A Picture Is Worth A Thousand Words


Art gallery

Cara/Andrea here,
I love research. Learning about all the little everyday details that help create a scene from the Regency world—a ball, a prize fight, an art exhibition at the Royal Academy, a coaching stop at a country inn, a rural barnyard—is fascinating. I have shelves of books on esoteric subjects from the era in my writing room, and I’m constantly reading to get a picture of how things looked and felt. (above is a scene from an art exhibit—notice how the pictures are crowded on the wall and go nearly to the ceiling.)

But there is an old adage that a picture is worth a thousand words . . . and I couldn’t agree more! Written descriptions are all very well, but there’s something very wonderful about studying drawings and paintings from the time, where one can actually SEE what the clothes and the scenes look like. Some of my favorite resources are the watercolor sketches of Thomas Rowlandson, who had a very sharp—and sometimes cynical—eye. Best known for his satirical cartoons, he was also a very observant artist, who made numerous drawings and paintings of everyday life in the late Georgian and Regency era.

In keeping with the phrase above, I’m going to keep my commentary short and simply share a selection of his art that I find particularly fascinating. (all art courtesy of the Yale British Art Center)

Bath Ball
A ball in Bath (notice the musicians and the chairs with the watchful chaperones)

Ball
A ball at Scarborough (Notice the gallery for the musicians and the architecture of the room)

Bath Concert
A concert in Bath (Notice the arrangement of the chairs and the stage for the singer.)

Covent Garden Market
Covent Garden Market (Notice all the details of clothing and the stalls)

Barnyard
A country barnyard (Notice the sprawling barns and sheds)

Potter
A country potter taking his wares to market. (Notice the cart and harness), and the house)

Gardening
Gardening (Notice the dogs and the bare feet)

Stage coach
Loading a stage coach. (Notice the outside passengers and the design of the coach and driver's box.)

Traveling coach
Traveling through the countryside (Notice the details of the whole scene, like how all the horses have docked tails)

Prize Fight
A prize fight (Notice the whole set-up)

Horse auction
Horse sale in Hopkins's Repository, Barbican (Notice the auctioneer and the crowd)

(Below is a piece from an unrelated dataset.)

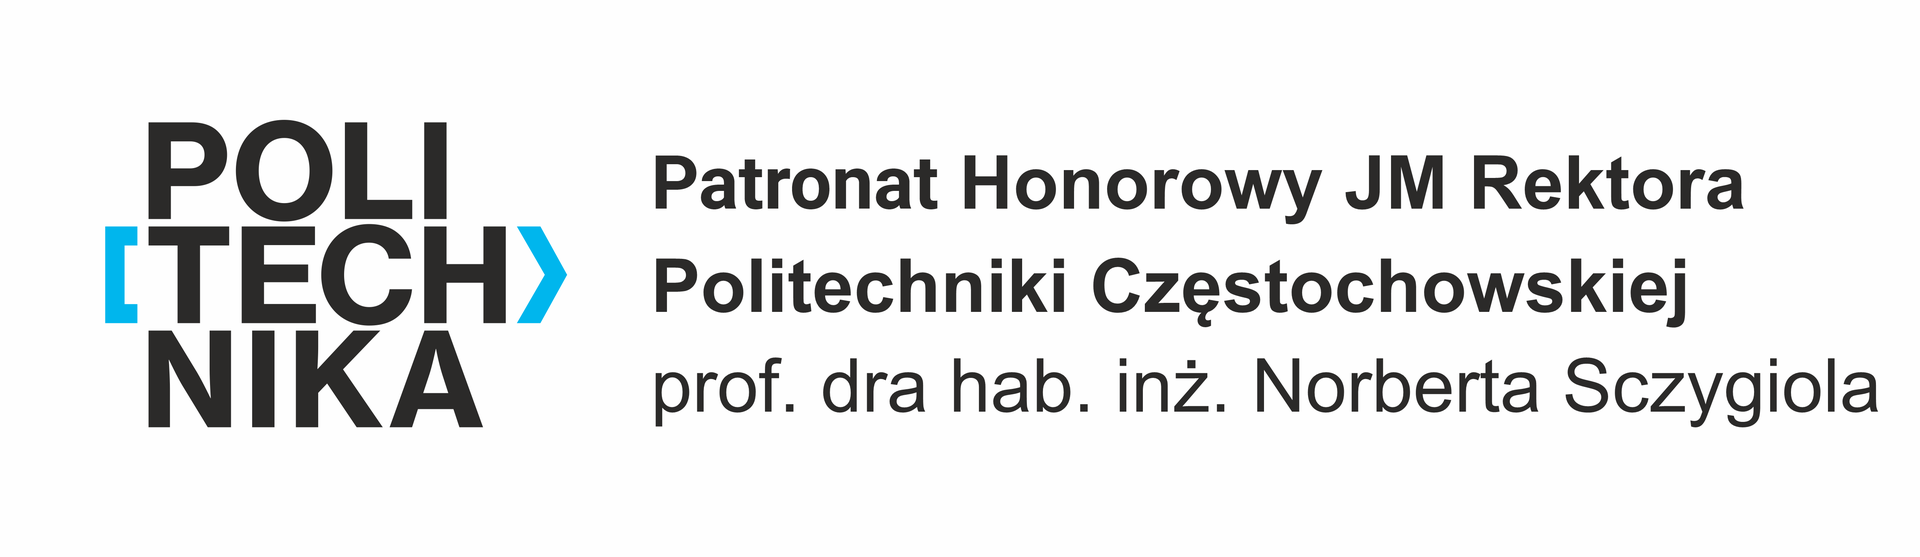 Patronat honorowy JM Rektora Politechniki Częstochowskiej

Boat raceThe Annual Sculling Race for Doggett's Coat and Badge (Notice the shapes of the rowing boats and the spectator vessels)

So, I hope you enjoyed this little portrait portfolio of Regency life by an artist of the time. Did you see anything that surprised you? Delighted you? I was struck by how many sketches show dogs as pets. Seeing what a "mill" actually looked like was also wonderful—! hadn't envisioned the carriages crowded so close to the ring. And having read about the race for Dogget's Coat and Badge, I just loved seeing an eyewitness image of what the boats and racers looked like, as well as getting a great feel for the ambiance—one can just sense the ruacous excitement of the spectators. What about you? Please share your impressions!